# How Famous or infamous is NH DOT?



## Oshkosh (Sep 11, 2005)

Hi,
Just wondering with the second huge wreck in resent memory how famous NH DOT is getting?.
Seems the 40 car pile up is getting plenty of press coverage.
Our Dist engineers are quick to criticize other states and how they plow snow but from what I can see other surrounding states don't have the safety issues we have here in NH. 
I wonder how many people will have to get hurt before DOT or Concord sees an issue in training or technique?


----------



## mycirus (Dec 6, 2008)

93 is horrible. People fly and then slam on the brakes. The crash doesnt surprise me but maybe they could do a better job. You dont hear of that happening down here in Mass.


----------



## WingPlow (Jun 18, 2007)

why is it always the DOT or DPW or whatever its called where youlive who are the reasons
behind crashes when the weathers bad ??

this is new england and it snows here in the winter...always has and probably always will

people are in to much of a hurry to get anywhere and with equipment not set up for winter driving...

i,m sure you being from NH know more behind the scenes about this then i do but around here, its ALWAYS the DOT's fault when something happens...


----------



## Oshkosh (Sep 11, 2005)

*Sometimes it is, sometimes it isnt...*

I understand, in general it is the trucks fault..lol We (CDL holders) have our own DOT police force trying to blame CDL drivers in general...
The bottom line is we cannot drive for them(public) but when you have a scud come threw and 40 vehicles crash there is more wrong than one or two bad drivers.Mind you the crews had been in since 4am..
There is a system wide training problem/issue and approach here at NH DOT ,they seem to be more worried with using to much material versus public safety.At least you hear about the cost of material before public safety in conversation....
Our crew just had snow and ice training , it lasted all of three hours minus breaks and consisted of conservation and consequences if you didn't versus proper time, temp and application rates for different circumstances.No real training more what will happen if you don't conform.It was very sad! The crew came back shaking their heads feeling it was a total waste of time!
I can only speak from the training I had when with Maine DOT and they where leaps and bounds ahead of NH DOT on all aspects of training for their employees.Sad Really.
In fact I am so fed up, I am leaving DOT at the end of the month...If you have any pride it is very discourageing.



WingPlow;1189302 said:


> why is it always the DOT or DPW or whatever its called where youlive who are the reasons
> behind crashes when the weathers bad ??
> 
> this is new england and it snows here in the winter...always has and probably always will
> ...


----------



## Winter Land Man (Aug 9, 2005)

Oshkosh;1189007 said:


> Hi,
> Just wondering with the second huge wreck in resent memory how famous NH DOT is getting?.
> Seems the 40 car pile up is getting plenty of press coverage.
> Our Dist engineers are quick to criticize other states and how they plow snow but from what I can see other surrounding states don't have the safety issues we have here in NH.
> I wonder how many people will have to get hurt before DOT or Concord sees an issue in training or technique?

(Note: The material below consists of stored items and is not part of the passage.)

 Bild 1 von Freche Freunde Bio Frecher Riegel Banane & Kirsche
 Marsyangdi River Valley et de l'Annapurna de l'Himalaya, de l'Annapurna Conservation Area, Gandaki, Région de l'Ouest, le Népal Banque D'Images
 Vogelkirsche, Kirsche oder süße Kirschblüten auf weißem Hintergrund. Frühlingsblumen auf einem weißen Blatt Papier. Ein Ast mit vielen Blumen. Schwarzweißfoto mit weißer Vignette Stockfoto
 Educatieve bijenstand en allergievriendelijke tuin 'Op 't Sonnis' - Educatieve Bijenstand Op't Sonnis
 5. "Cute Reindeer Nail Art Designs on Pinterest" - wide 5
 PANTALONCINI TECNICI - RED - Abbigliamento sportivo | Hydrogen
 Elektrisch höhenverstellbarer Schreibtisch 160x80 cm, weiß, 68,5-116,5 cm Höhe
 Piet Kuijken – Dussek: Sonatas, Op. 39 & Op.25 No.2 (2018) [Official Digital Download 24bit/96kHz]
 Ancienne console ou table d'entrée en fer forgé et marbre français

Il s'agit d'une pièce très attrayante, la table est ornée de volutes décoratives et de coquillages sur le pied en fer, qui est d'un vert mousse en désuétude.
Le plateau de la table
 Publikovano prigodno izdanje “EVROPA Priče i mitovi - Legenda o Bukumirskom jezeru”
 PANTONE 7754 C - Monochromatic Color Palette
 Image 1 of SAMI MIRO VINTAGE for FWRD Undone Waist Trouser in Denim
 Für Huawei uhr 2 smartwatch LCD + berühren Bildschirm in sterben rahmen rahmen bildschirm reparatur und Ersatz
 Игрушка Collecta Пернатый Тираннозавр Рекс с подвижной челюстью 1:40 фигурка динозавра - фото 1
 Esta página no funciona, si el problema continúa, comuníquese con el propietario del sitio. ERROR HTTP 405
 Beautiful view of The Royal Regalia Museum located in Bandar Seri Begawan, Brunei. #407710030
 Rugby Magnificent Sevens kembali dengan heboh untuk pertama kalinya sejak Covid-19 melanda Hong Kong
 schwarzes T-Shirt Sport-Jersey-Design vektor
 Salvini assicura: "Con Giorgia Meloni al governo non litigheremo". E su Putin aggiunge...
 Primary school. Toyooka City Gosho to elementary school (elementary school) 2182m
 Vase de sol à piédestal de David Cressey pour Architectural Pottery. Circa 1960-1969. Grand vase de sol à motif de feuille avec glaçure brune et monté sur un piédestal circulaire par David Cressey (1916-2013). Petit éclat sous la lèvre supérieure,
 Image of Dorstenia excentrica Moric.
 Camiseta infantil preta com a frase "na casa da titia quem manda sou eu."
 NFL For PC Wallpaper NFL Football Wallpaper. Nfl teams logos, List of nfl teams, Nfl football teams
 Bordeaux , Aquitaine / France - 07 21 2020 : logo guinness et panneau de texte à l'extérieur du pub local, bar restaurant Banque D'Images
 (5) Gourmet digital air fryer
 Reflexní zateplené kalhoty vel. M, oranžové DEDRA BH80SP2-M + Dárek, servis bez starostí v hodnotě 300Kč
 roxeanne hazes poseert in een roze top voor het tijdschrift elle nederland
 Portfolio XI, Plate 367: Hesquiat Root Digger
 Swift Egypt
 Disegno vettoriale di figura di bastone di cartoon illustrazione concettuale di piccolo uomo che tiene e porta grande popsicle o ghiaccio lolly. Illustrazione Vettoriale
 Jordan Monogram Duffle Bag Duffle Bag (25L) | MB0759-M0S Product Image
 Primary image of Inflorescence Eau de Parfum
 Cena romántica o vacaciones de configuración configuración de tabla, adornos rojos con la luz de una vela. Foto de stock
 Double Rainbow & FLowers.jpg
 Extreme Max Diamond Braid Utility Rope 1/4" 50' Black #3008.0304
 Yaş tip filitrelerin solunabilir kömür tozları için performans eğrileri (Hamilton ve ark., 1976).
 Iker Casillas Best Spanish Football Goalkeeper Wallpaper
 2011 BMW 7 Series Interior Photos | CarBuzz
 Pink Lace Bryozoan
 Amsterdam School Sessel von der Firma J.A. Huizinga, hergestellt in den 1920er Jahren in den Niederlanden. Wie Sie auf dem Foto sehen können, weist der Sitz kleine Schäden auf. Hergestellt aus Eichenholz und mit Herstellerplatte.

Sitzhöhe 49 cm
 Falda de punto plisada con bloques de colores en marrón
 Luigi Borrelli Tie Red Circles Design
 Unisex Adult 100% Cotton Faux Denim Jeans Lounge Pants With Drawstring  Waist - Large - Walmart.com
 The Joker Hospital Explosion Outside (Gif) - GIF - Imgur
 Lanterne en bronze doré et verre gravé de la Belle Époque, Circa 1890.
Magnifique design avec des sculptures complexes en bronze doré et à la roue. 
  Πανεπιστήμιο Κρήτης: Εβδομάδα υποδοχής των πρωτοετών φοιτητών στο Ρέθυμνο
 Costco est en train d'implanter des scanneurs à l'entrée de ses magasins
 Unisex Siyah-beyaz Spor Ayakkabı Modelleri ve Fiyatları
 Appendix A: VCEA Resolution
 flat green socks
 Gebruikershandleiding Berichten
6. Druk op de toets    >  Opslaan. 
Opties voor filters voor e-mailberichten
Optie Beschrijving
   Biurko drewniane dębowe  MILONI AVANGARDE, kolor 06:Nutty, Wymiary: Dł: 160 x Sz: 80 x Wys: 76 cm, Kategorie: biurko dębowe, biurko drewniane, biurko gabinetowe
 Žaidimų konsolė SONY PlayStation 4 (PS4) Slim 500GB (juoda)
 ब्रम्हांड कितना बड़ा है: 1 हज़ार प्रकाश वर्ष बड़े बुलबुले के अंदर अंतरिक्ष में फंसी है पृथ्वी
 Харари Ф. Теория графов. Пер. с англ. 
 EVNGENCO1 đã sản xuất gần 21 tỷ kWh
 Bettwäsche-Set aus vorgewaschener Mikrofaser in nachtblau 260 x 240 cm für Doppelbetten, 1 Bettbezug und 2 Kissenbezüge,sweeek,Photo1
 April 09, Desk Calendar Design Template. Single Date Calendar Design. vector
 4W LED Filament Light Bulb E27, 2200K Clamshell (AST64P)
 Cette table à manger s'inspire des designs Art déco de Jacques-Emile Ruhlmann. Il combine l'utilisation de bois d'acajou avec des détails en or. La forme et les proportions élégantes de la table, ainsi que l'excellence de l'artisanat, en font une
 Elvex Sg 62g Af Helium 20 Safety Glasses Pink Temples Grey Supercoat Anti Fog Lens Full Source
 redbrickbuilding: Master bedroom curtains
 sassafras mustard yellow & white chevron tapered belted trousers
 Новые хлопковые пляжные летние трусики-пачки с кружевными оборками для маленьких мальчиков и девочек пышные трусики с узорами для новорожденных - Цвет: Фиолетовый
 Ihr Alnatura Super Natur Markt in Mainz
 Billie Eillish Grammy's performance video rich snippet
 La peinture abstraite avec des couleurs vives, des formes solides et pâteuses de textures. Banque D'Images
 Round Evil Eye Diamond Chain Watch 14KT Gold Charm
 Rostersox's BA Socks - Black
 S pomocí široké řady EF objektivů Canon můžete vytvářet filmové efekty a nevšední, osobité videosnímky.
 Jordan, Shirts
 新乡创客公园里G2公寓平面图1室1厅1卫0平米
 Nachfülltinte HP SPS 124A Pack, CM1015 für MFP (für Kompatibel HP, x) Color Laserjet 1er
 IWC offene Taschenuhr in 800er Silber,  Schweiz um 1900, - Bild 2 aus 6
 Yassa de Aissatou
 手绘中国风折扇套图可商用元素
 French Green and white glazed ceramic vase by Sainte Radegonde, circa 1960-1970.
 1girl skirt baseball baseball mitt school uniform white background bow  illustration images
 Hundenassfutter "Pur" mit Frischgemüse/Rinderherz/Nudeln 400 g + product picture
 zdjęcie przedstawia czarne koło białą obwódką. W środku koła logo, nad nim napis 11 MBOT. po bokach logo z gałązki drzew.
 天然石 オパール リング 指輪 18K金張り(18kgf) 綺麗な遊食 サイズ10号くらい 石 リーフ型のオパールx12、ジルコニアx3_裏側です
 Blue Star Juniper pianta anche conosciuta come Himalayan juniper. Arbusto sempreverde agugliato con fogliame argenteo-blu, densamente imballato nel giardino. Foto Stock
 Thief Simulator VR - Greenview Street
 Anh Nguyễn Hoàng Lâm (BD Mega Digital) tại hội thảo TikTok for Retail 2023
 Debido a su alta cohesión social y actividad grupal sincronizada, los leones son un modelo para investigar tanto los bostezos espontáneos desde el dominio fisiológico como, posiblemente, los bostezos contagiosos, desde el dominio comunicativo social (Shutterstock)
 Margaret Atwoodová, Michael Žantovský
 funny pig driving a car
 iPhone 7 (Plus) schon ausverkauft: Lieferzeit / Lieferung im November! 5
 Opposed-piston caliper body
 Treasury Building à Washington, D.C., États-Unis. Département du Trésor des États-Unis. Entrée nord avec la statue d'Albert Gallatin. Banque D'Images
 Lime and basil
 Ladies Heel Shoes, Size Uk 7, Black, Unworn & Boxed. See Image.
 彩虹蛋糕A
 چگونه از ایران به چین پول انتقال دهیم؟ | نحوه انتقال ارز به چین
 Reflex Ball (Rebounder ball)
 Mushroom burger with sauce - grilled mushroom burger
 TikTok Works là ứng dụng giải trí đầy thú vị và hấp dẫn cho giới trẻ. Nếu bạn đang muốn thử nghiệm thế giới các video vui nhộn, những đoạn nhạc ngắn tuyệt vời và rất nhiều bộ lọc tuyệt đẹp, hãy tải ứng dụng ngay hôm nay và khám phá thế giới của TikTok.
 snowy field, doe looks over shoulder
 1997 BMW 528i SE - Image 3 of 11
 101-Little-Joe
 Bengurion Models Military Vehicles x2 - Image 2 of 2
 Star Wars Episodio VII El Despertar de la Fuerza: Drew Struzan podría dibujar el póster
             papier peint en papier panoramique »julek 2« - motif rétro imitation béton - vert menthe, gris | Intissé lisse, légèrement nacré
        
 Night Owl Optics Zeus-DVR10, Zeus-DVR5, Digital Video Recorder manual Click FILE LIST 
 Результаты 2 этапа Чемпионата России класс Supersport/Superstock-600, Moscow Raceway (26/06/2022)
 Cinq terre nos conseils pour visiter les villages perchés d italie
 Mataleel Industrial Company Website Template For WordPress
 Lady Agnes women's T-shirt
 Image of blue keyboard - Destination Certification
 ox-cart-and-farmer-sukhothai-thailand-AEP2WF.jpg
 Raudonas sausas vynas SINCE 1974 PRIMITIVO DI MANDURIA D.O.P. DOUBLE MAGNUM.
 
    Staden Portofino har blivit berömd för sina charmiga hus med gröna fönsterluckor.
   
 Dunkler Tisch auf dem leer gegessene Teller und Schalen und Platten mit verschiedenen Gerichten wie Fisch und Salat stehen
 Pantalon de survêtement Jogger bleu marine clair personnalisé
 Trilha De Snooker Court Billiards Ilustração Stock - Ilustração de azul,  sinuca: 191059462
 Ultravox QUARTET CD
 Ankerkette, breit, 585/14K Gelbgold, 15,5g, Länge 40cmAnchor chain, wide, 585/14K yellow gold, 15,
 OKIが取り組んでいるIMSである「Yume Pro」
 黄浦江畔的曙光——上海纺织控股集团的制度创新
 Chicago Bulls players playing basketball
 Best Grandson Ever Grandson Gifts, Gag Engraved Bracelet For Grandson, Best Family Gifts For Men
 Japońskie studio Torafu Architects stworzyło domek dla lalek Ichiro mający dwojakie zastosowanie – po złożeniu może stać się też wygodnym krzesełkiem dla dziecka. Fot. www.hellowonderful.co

Hey Oshkosh, a little off topic, but I have a question.

There's a guy who plows the state intersection in my town with a Chevy 1-ton with 9' Plow & Spreader. Does your district have any contractors hired to do that? He's been doing it for like 4 years, but I've never seen NHDOT hire a 1-ton before that.

I also noticed lately that on a contractor's route, they've been cutting the contractor's hours or something, because he's not called out unless it's like 4 inches or so. If it's less than that they have a local DOT truck do it after his main route. They used to have him come out when the DOT trucks went out... during a dusting! Also at times, I saw an older NHDOT International w/crew cab plowing (are those bridge crew trucks?).


----------



## xeonpro (Jan 9, 2005)

Winter Land Man;1224968 said:


> Hey Oshkosh, a little off topic, but I have a question.
> 
> There's a guy who plows the state intersection in my town with a Chevy 1-ton with 9' Plow & Spreader. Does your district have any contractors hired to do that? He's been doing it for like 4 years, but I've never seen NHDOT hire a 1-ton before that.
> 
> I also noticed lately that on a contractor's route, they've been cutting the contractor's hours or something, because he's not called out unless it's like 4 inches or so. If it's less than that they have a local DOT truck do it after his main route. They used to have him come out when the DOT trucks went out... during a dusting! Also at times, I saw an older NHDOT International w/crew cab plowing (are those bridge crew trucks?).


You from Meredith? I see an older ford1-ton doing the new roundabout.


----------



## Winter Land Man (Aug 9, 2005)

xeonpro;1229817 said:


> You from Meredith? I see an older ford1-ton doing the new roundabout.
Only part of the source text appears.